Her mother, too, embodied these principles, serving as PR director of the Jewish Theological Seminary for many years after deciding not to be a professor of symbolic logic (on which she wrote a paper proving Bertrand Russell and/or Newton wrong) because being a woman in math, or in academia, was too much of an obstacle. We tell stories about her in my family, of how she used to start crosswords in the upper left corner and never do a word if it didn’t connect to another one. When my grandmother corrected me once when I said there were less moguls on one side of a mountain, I was told that in order to carry on my great grandmother’s legacy, I had better say “fewer.” I could go on.
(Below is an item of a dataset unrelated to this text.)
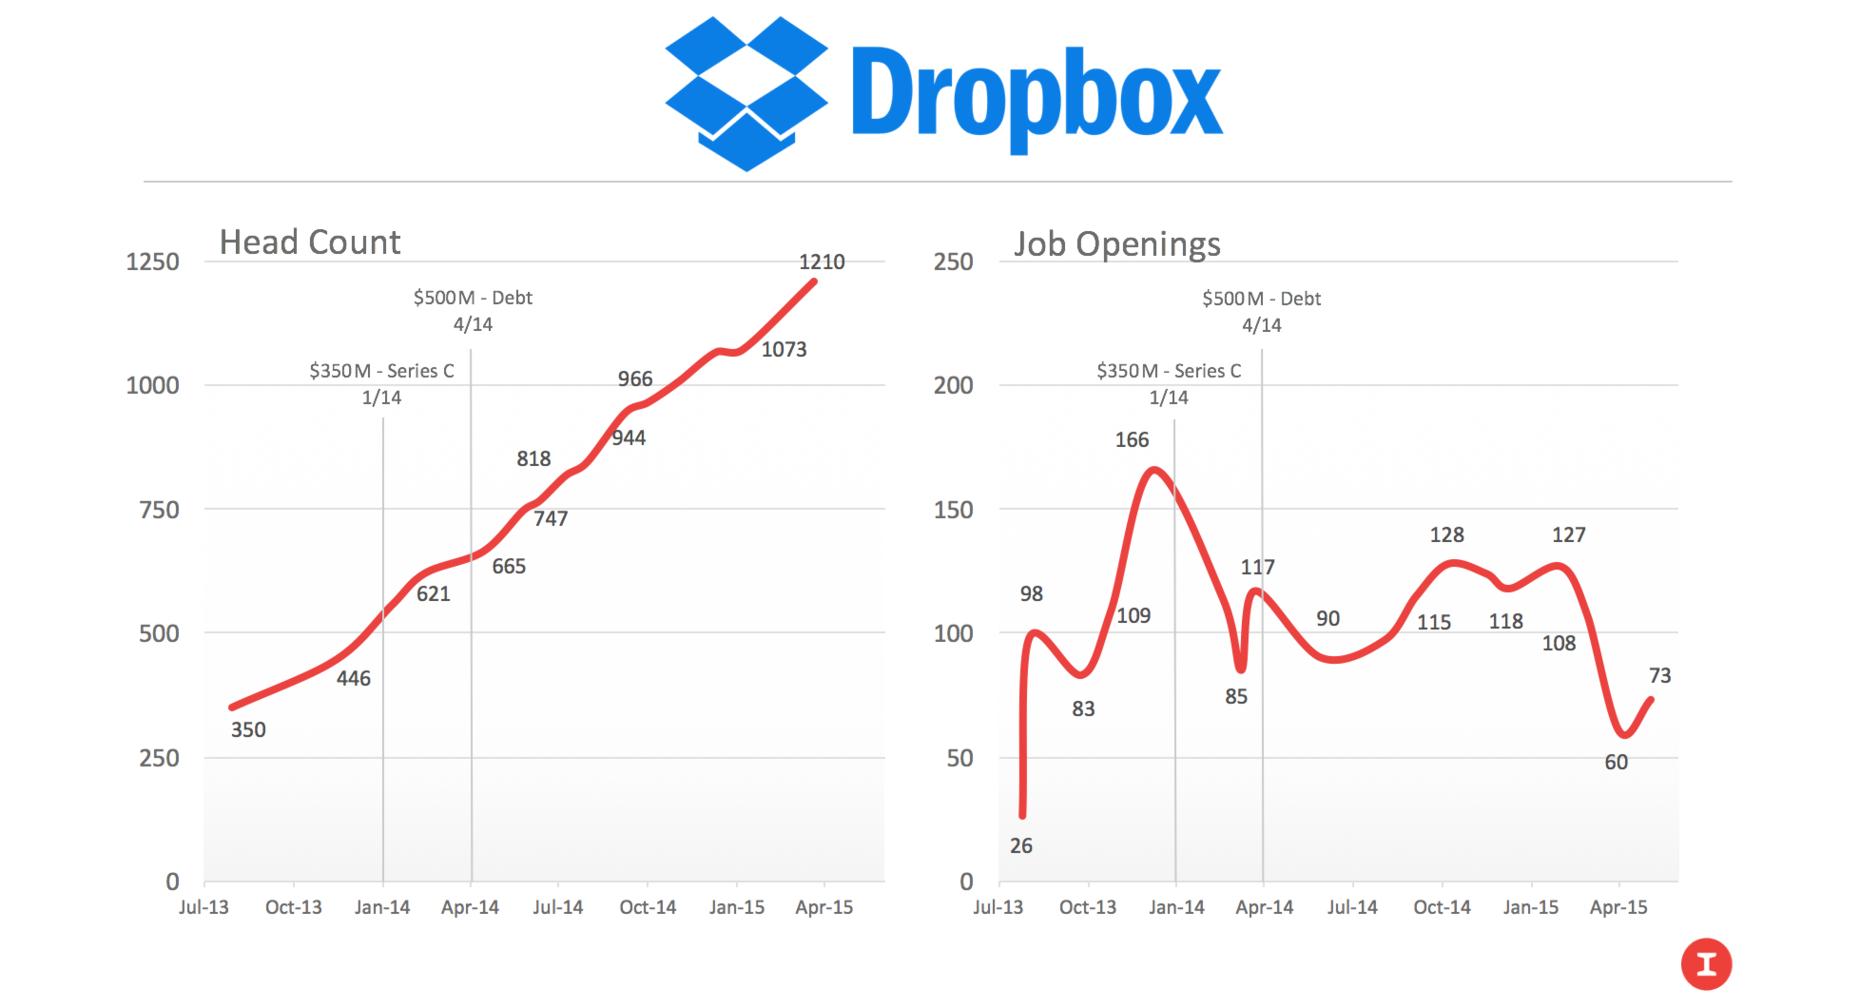 Data via Mattermark and DataFox

My dad is a professor of human development with a secondary appointment in pediatrics and a third in electrical engineering. He introduced me to activism of all sorts. He used to do the AIDS Ride for years, and I couldn’t wait until I was allowed to join. He and I have always done the Hazon ride together. He took me to my first rally in 2003, against the Iraq War. We also canvassed for Obama the summer of ’08. Maybe you really can have it all.


But for me, the dilemma remains.



This post is part of a series:

Example 2: Having Opinions

Activism, or even just strong opinion, provides the same set of problems, in a variety of ways. First off is a rethinking of the classic firebrand/diplomat dynamic, about which Greta Christina has written fantastically. The problem is that a brilliant analysis doesn’t make the issue go away, and also, I think she may be oversimplifying. Most social movements aren’t a one-dimensional spectrum; they are way more complicated than that. That’s fine, of course, but when you get people who are not only in conflict but not even addressing the same points, it’s much harder to realize we’re all on the same side.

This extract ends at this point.